I'm sorry to hear you had to put down your companion, but if he had aggression problems, and you'd exhausted all options, then you did what was best. As far as what he might have been, I can only guess possibly APBT/Chow mix, but it's always hard to tell. He looks to me to be APBT/Chow but there could be something else. I doubt boxer or Lab. Minus the "ridge", I could even venture to say possibly Rhodesian Ridgeback.. but no way to know for sure. I'm sorry I can't give you a more definite answer. He was a handsome boy though! Was that your vid you posted, or someone else's that just happened to look like your boy? I'm just asking b/c I'm curious.


----------



## DarkMoon (Nov 26, 2009)

ThaLadyPit said:


> DM... were there black spots on his tongue, that you know of, or can remember? Or even black/purple spots on his gums or underneath his tongue? If so, I'd venture to say APBT/Chow mix. The only other breed that has the black/purple spots besides the Chow Chow is the Sharpei (that I know of).
> 
> I'm sorry to hear you had to put down your companion, but if he had aggression problems, and you'd exhausted all options, then you did what was best.
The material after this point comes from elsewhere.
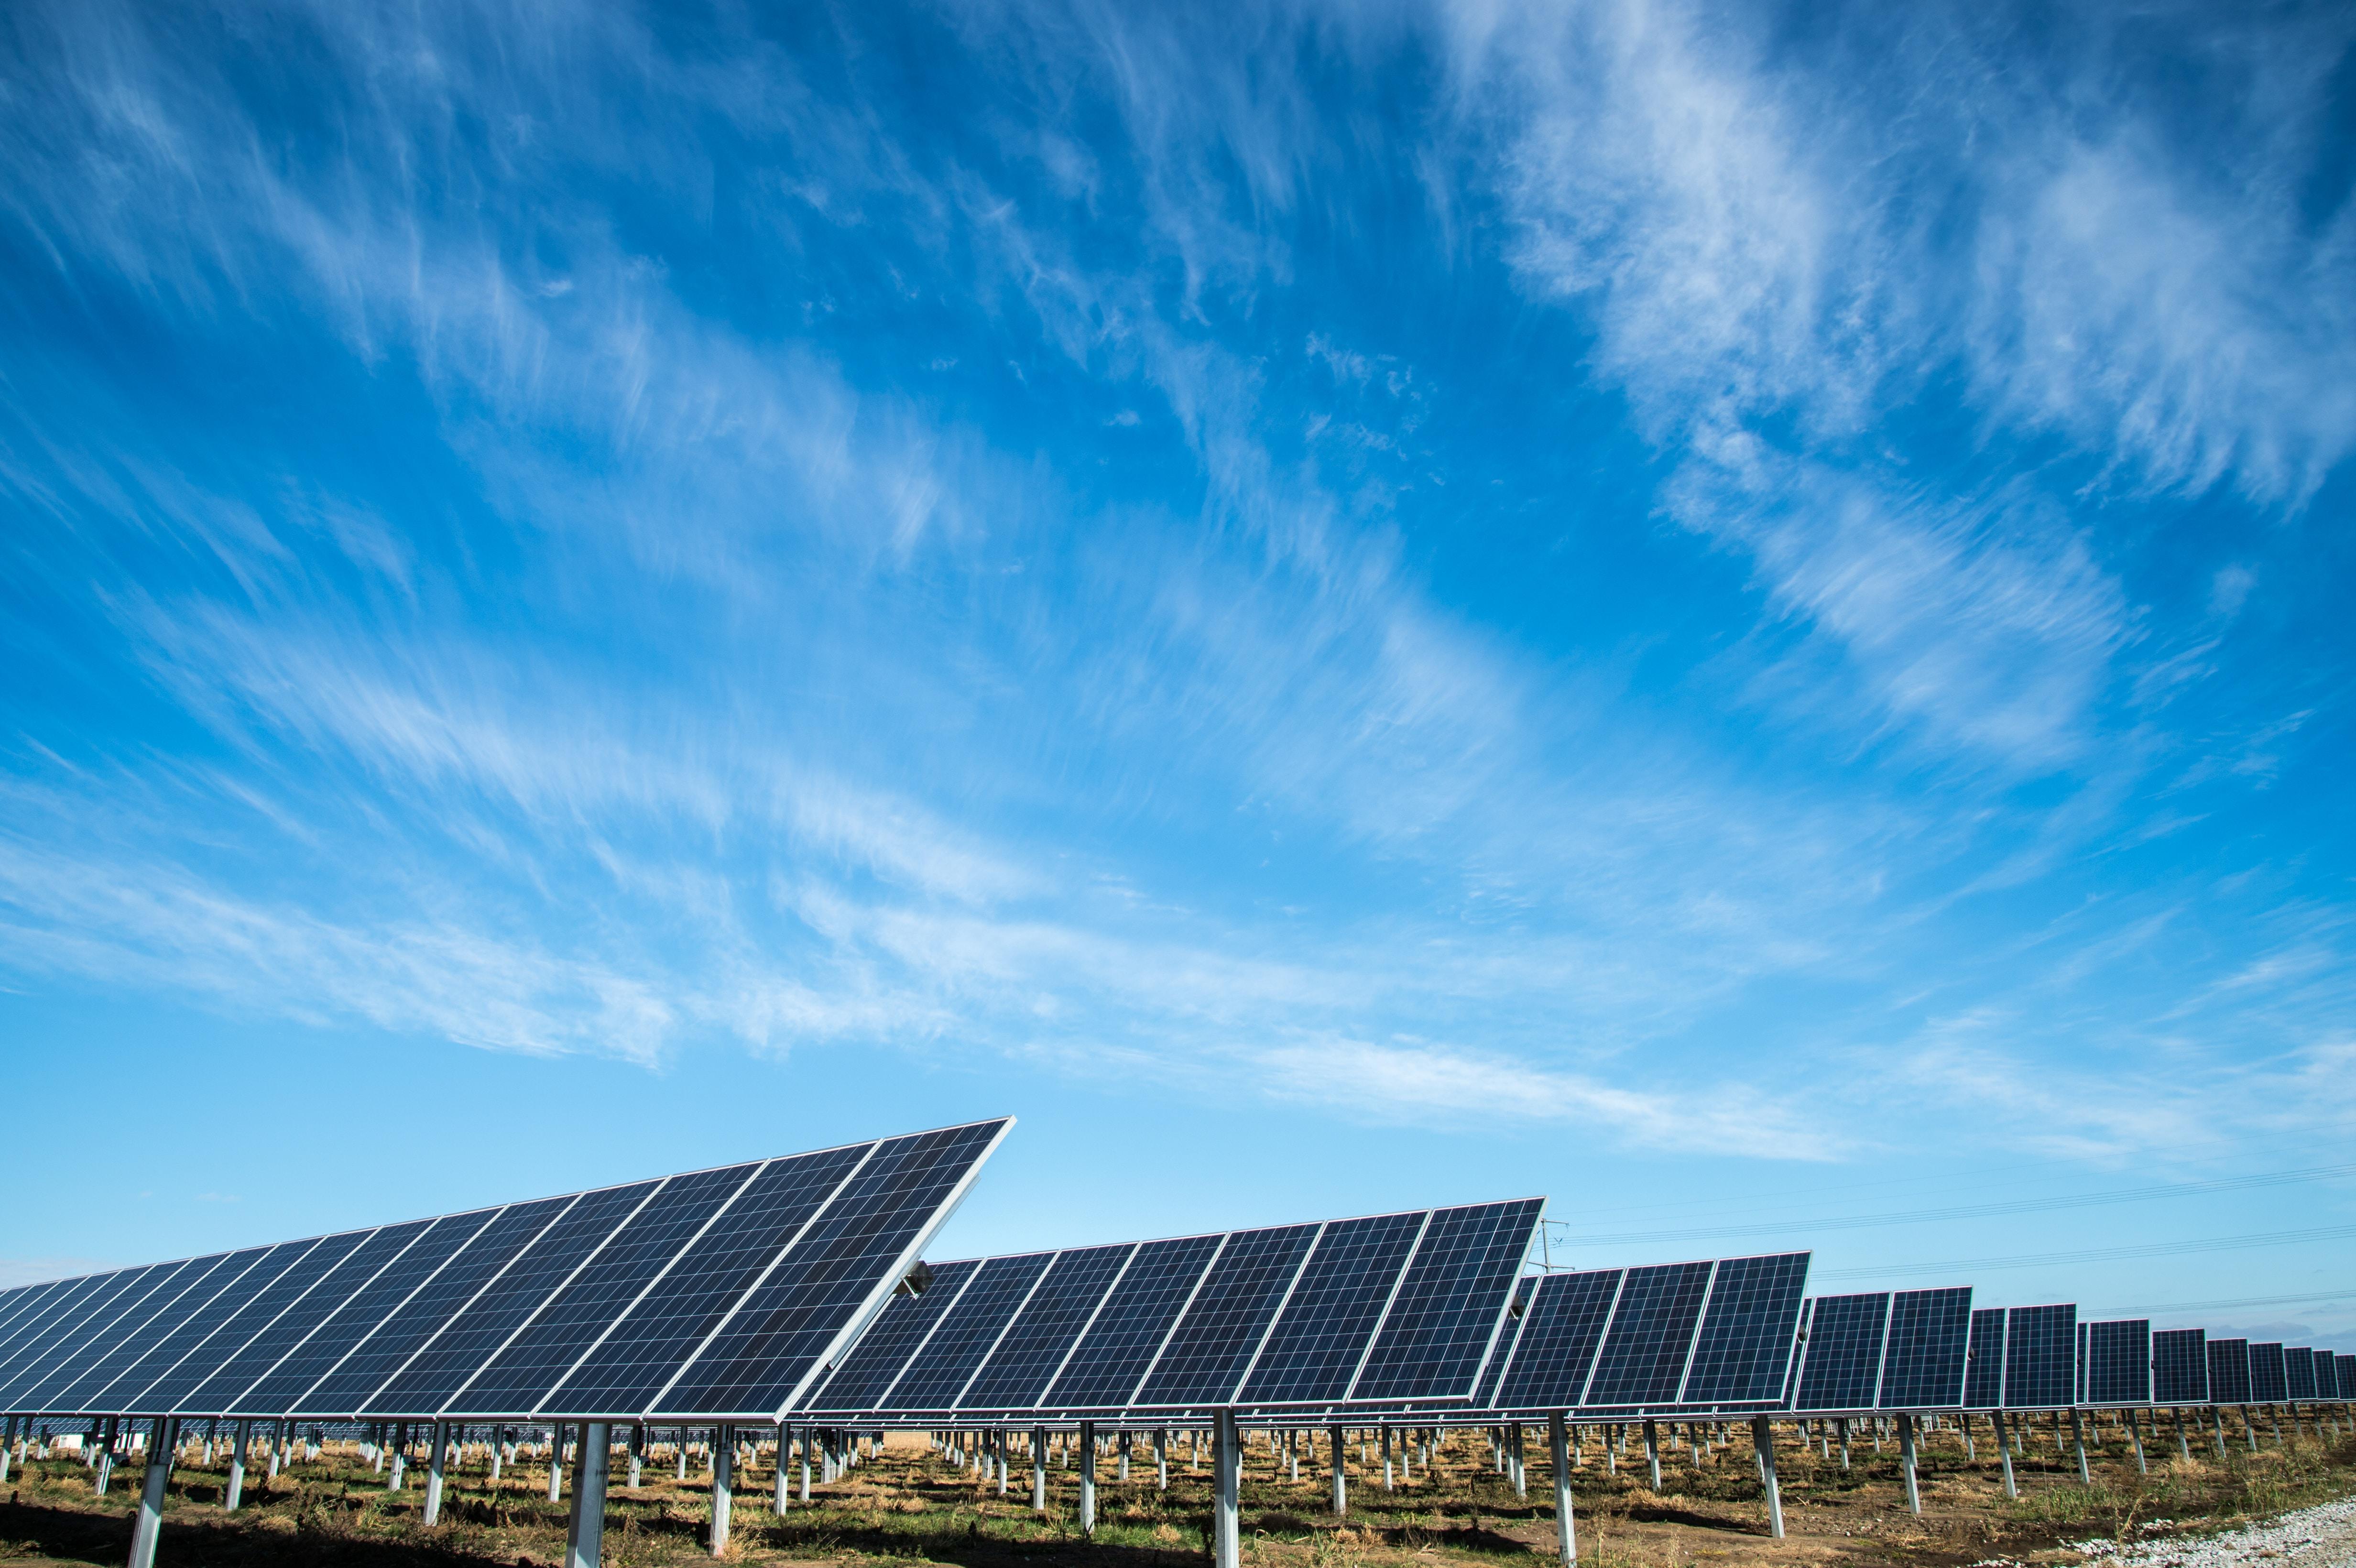 Latinoamérica necesita más técnicos, profesionales y expertos en energía solar

As far as what he might have been, I can only guess possibly APBT/Chow mix, but it's always hard to tell. He looks to me to be APBT/Chow but there could be something else. I doubt boxer or Lab. Minus the "ridge", I could even venture to say possibly Rhodesian Ridgeback.. but no way to know for sure. I'm sorry I can't give you a more definite answer. He was a handsome boy though! Was that your vid you posted, or someone else's that just happened to look like your boy? I'm just asking b/c I'm curious.
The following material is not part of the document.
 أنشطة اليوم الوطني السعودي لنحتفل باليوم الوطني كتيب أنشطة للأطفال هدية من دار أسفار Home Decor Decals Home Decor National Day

No purple that I remember:


And yes, that is video I took of him, one of just a few I have. He was trying to find a place to "bury" his rawhide. 





and here he is with me playing





He had longer hair then APBT does, but it wasn't too much longer but it was dense. His tail had the longest of his hair on it. I never thought about chow in him. Interesting thoughts. I know he had some bully breed in him, just by the way he moved. He's was called a Pit Bull more then Nubs even is. Nubs is my "Boxer" while Carter my Mutt was the Pit Bull. I have no clue if he even had Pit in him (while Nubs is no doubt a Pit Bull) I find it amusing!


----------